Supplied data »
····················
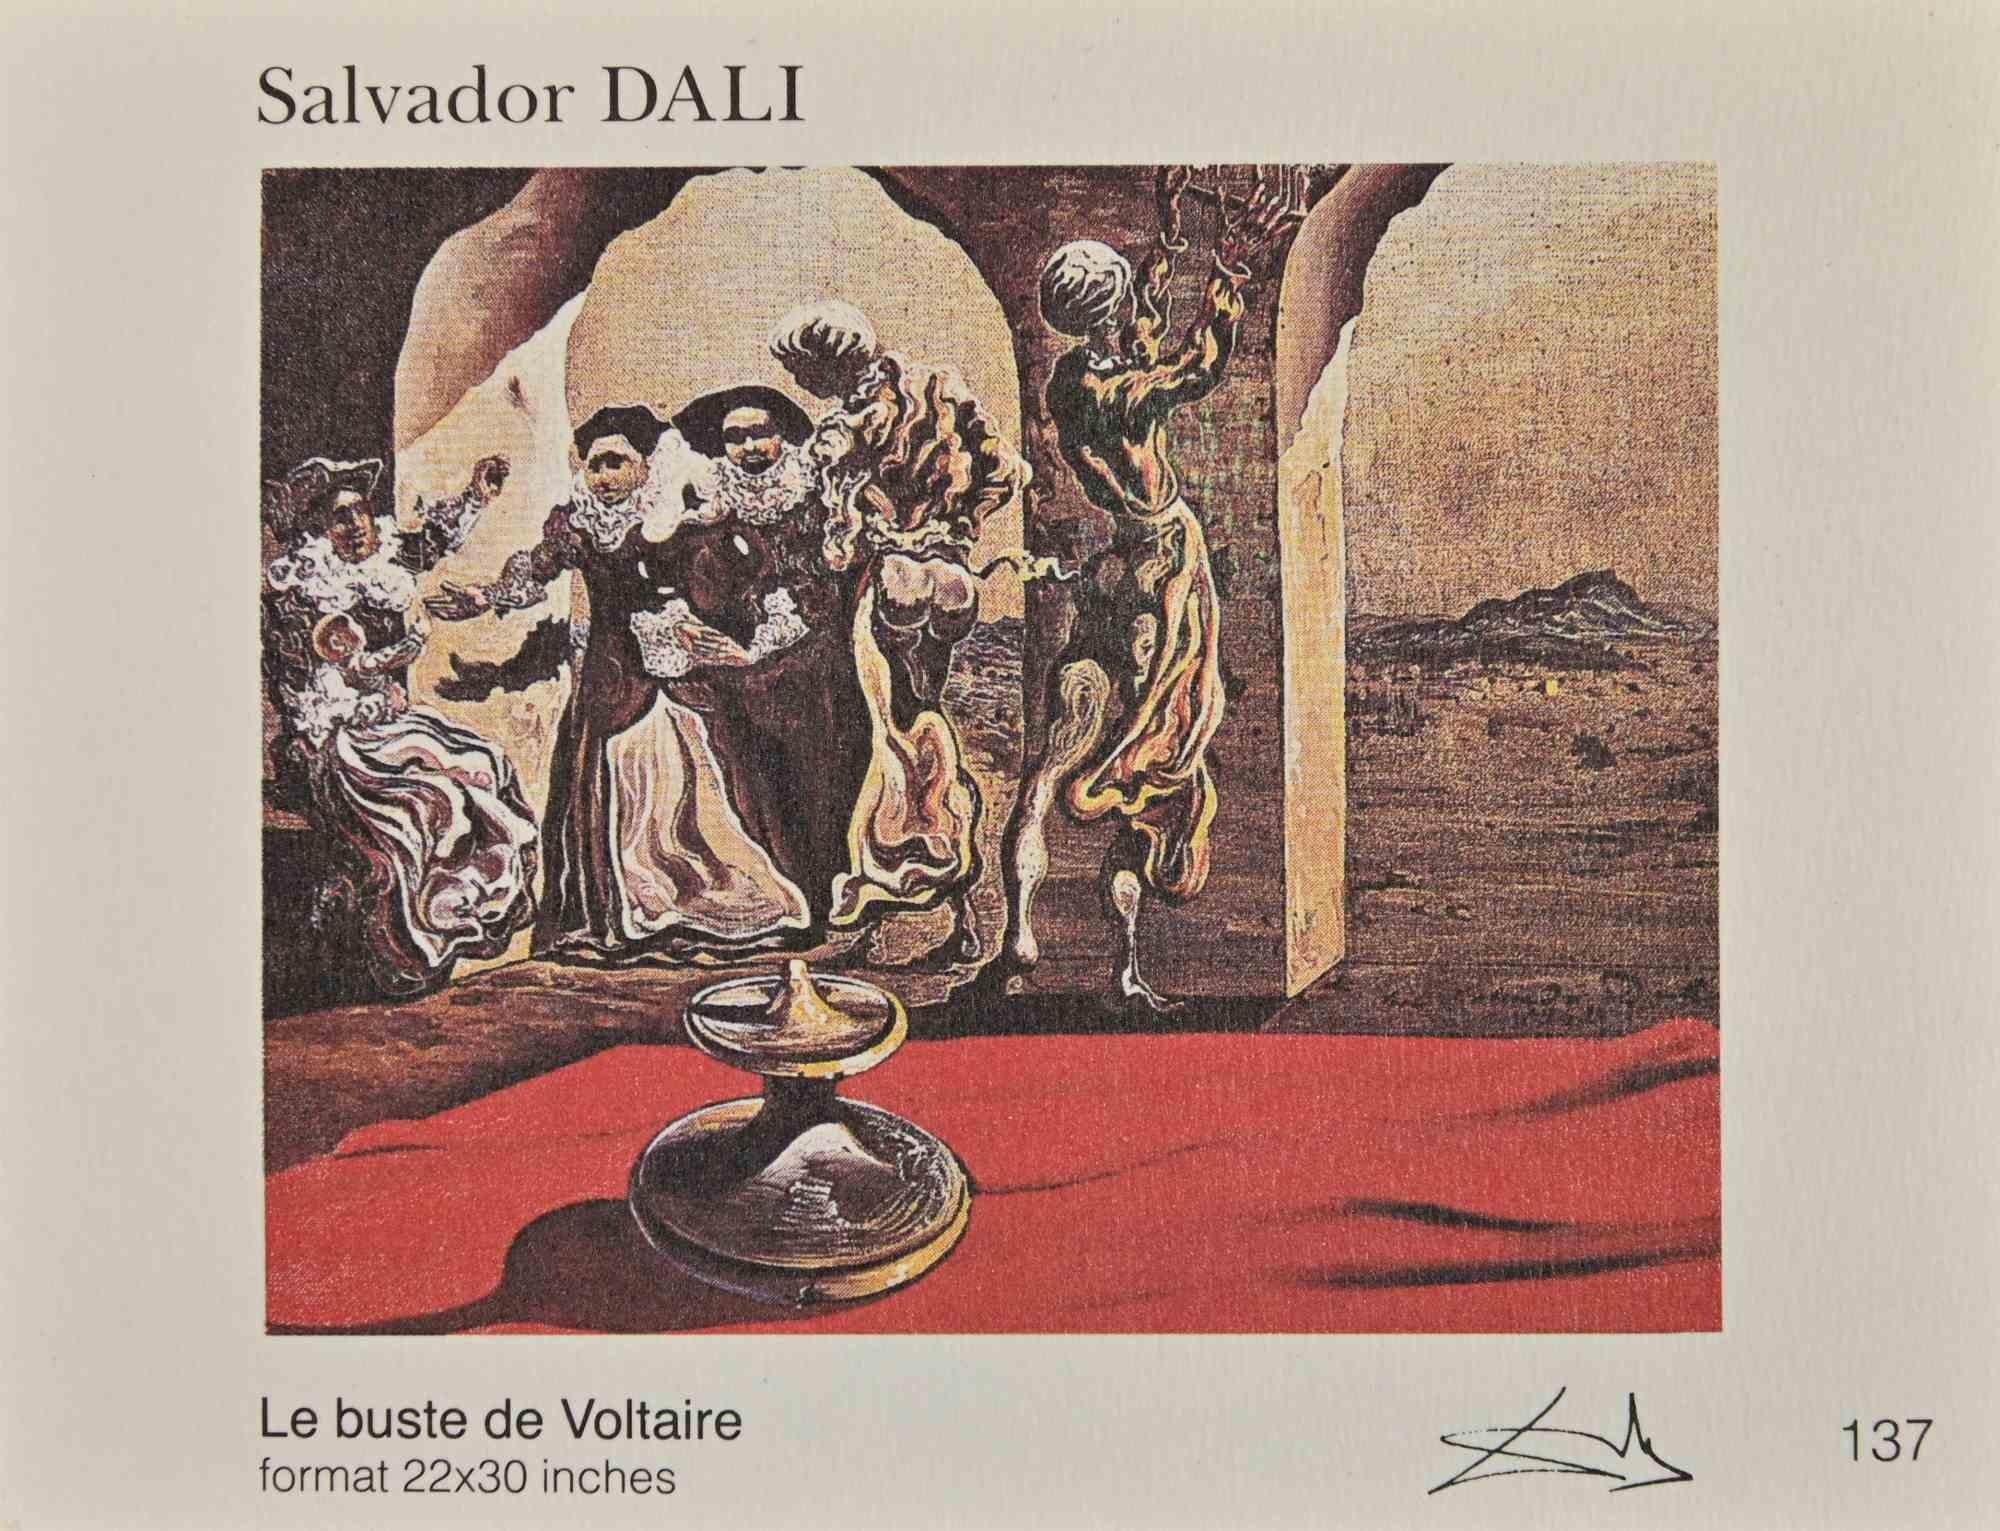 Sammlung von Karten nach Salvador Dalì mit 26 Stücken.

Gute Bedingungen.

Mit Titeln und signiert auf der Platte.
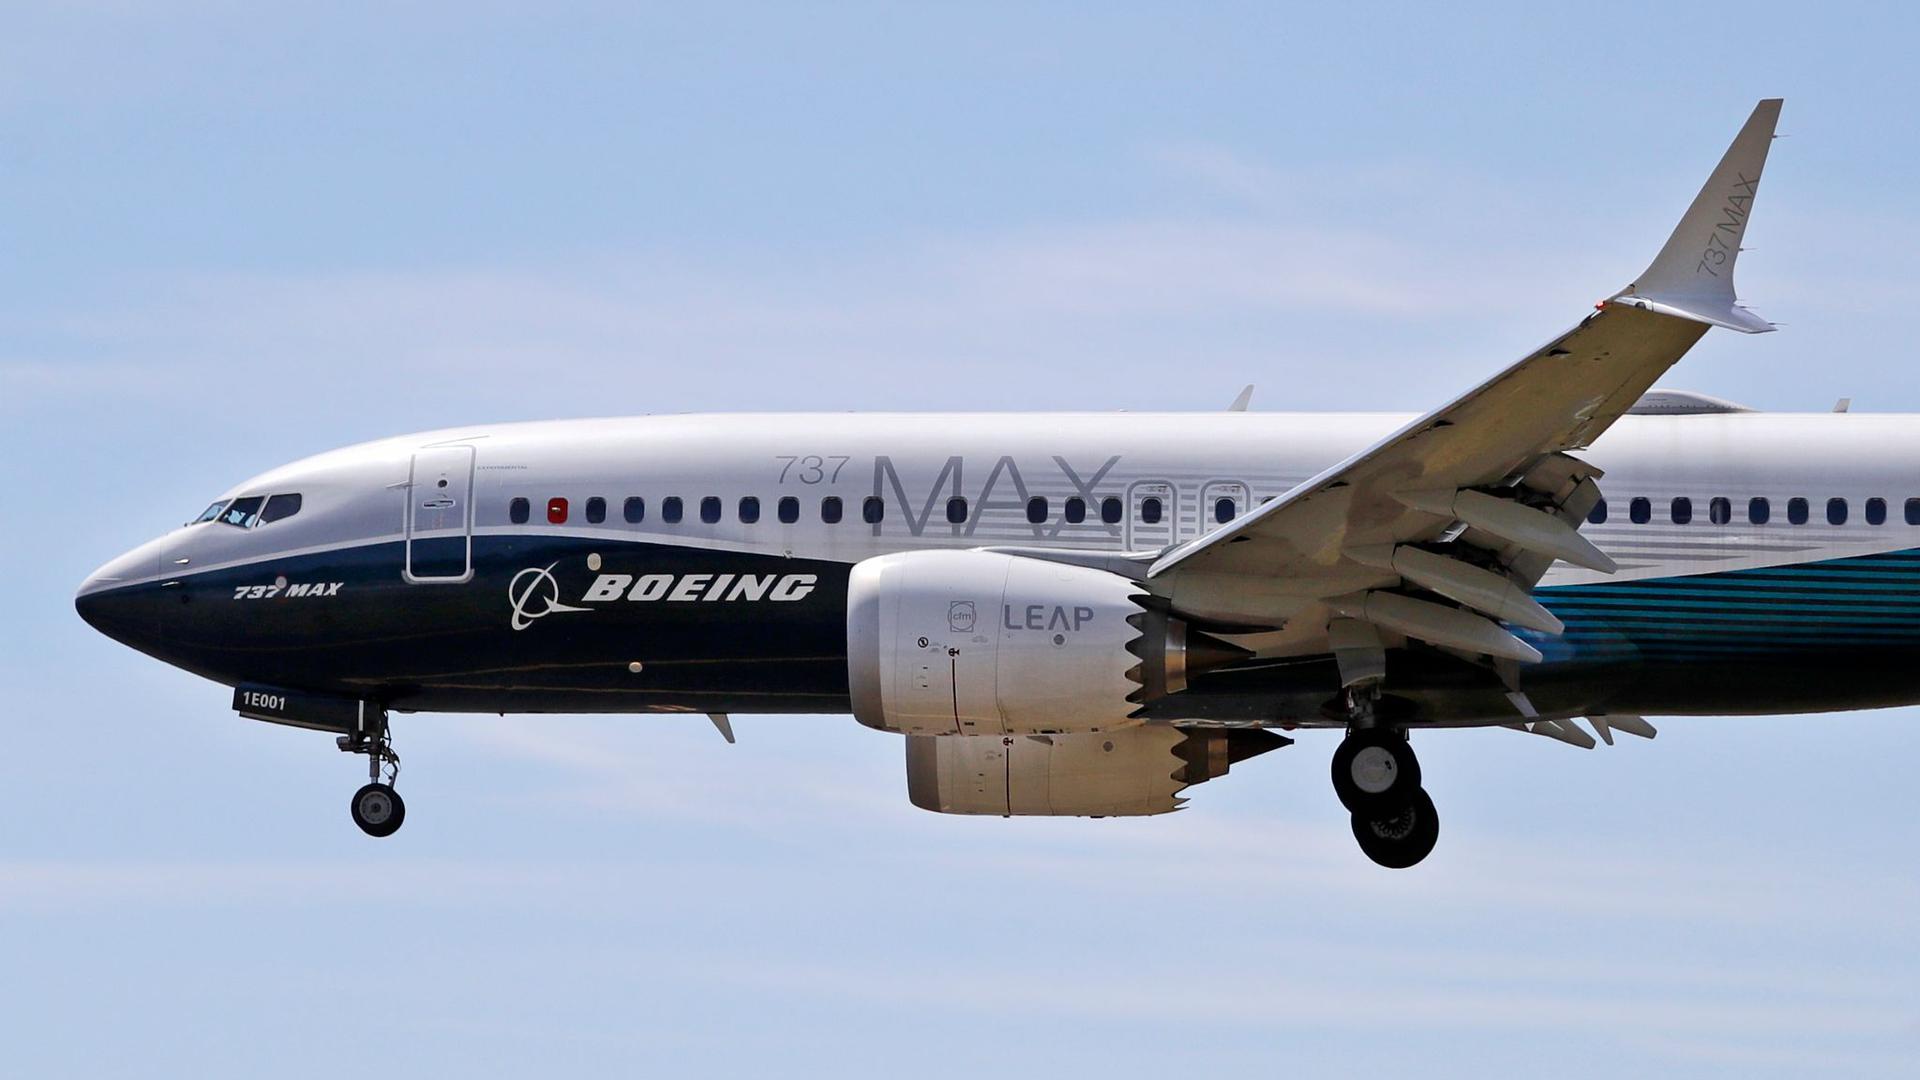 Ein Flugzeug vom Typ Boeing 737 Max befindet sich im Landeanflug.
····················
Repeat the listing in full and exactly. Do not include any images.

Result for this task »
 Sammlung von Karten nach Salvador Dalì mit 26 Stücken.

Gute Bedingungen.

Mit Titeln und signiert auf der Platte.
 Ein Flugzeug vom Typ Boeing 737 Max befindet sich im Landeanflug.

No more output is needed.